Há pelo menos um consenso entre os especialistas ouvidos pelo Jornal do Comércio: a supersafra está precificada. Ou seja, não há condições previsíveis para que o preço do bushel caia dos US$ 9,00. Uma recuperação maior dependeria, por outro lado, de uma quebra da produção sul-americana, especialmente no Brasil e na Argentina. "O plantio está atrasado no Brasil devido ao período de seca prolongada do Sudeste para cima. Os contratos vão ser empurrados para cima enquanto houver estresse de seca em estados como o Mato Grosso, Goiás, Piauí, Maranhão e Bahia", diz o consultor Carlos Cogo.

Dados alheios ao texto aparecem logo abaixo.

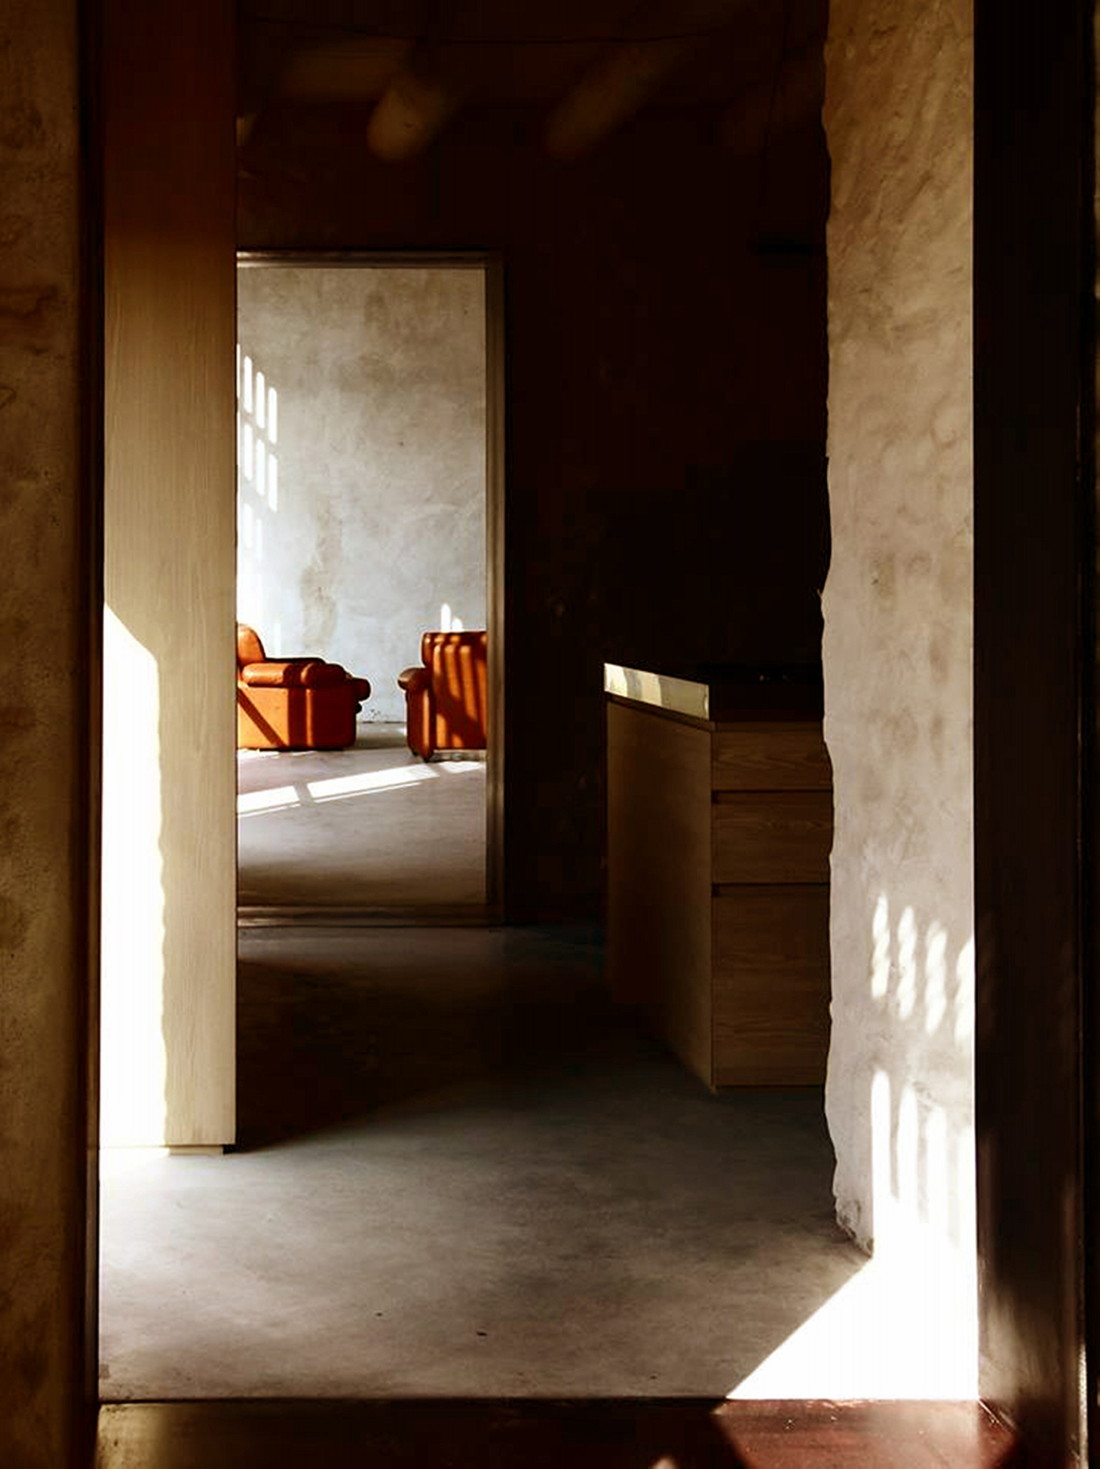 Реставрация виллы Brolo Saccomani в Италии от студии Bricolo Falsarella 9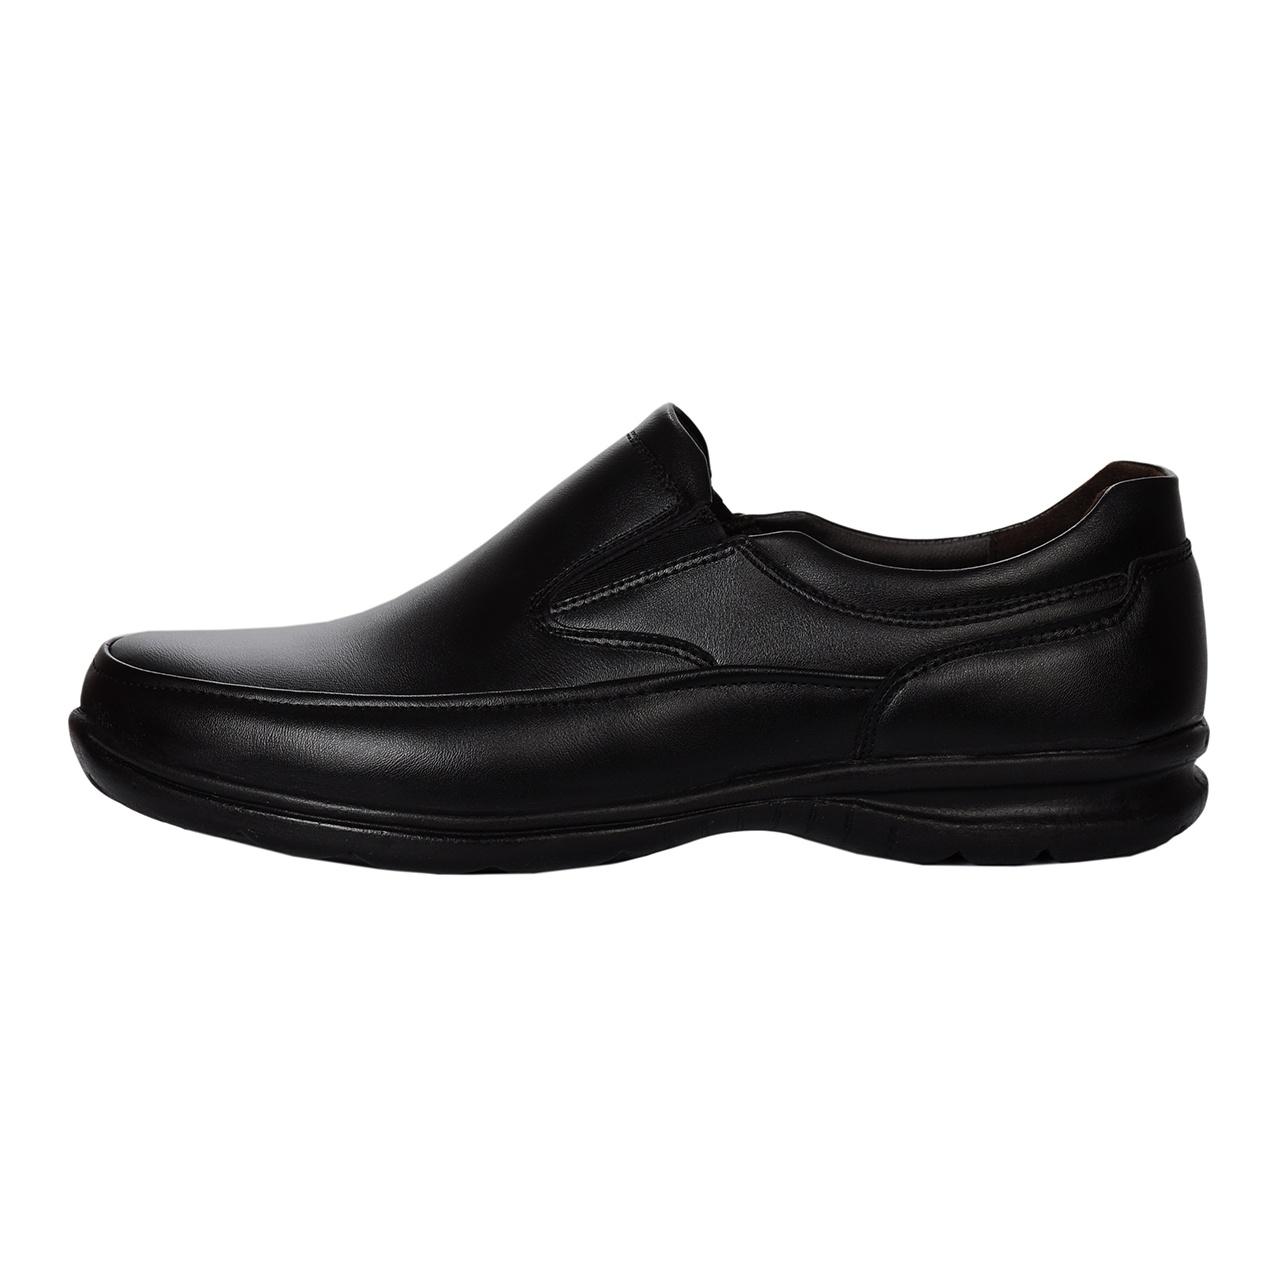 کفش روزمره مردانه مدل گارنر  ARM

No Rio Grande do Sul, onde o plantio acontece mais tarde, as opiniões são divergentes, mas ninguém aposta em redução significativa da área, mesmo com os ganhos financeiros mais baixos em comparação com a última safra. Afinal, a demanda mundial, puxada pela China, subiu 4,5% em 2014, e há perspectiva de incremento de 5% em 2015. Além disso, a soja segue mais rentável do que o milho, que também sofre com a desvalorização no mercado internacional. Para Luiz Gutierrez, da consultoria Safras & Mercado, o cultivo ocupará 4% mais espaço, chegando aos 5,2 milhões de hectares, enquanto a produção subirá 9%, atingindo a marca de 14,56 milhões de toneladas no Estado. Mais reticente, o economista Antônio da Luz, da Federação da Agricultura do Rio Grande do Sul (Farsul) aposta em estabilidade em nível estadual e retração de 1% na área nacional.
Em relação à comercialização, a valorização do dólar pode recuperar, até certo ponto, a rentabilidade de quem planta no Brasil. A tendência, segundo os economistas, é de que a cotação siga em alta no próximo ano, tendo em vista o processo de recolhimento da moeda em circulação promovido pelo governo dos Estados Unidos. "Cerca de 90% dos insumos para a safra nacional foram comprados com o dólar na faixa de R$2,20. Todo o ganho do dólar a partir de agora será transferido diretamente para o preço. Ou seja, se estiver em R$ 2,50 em maio, quando realizarmos a colheita, o produtor terá um ganho real de 14% sobre esse valor", explica Cogo.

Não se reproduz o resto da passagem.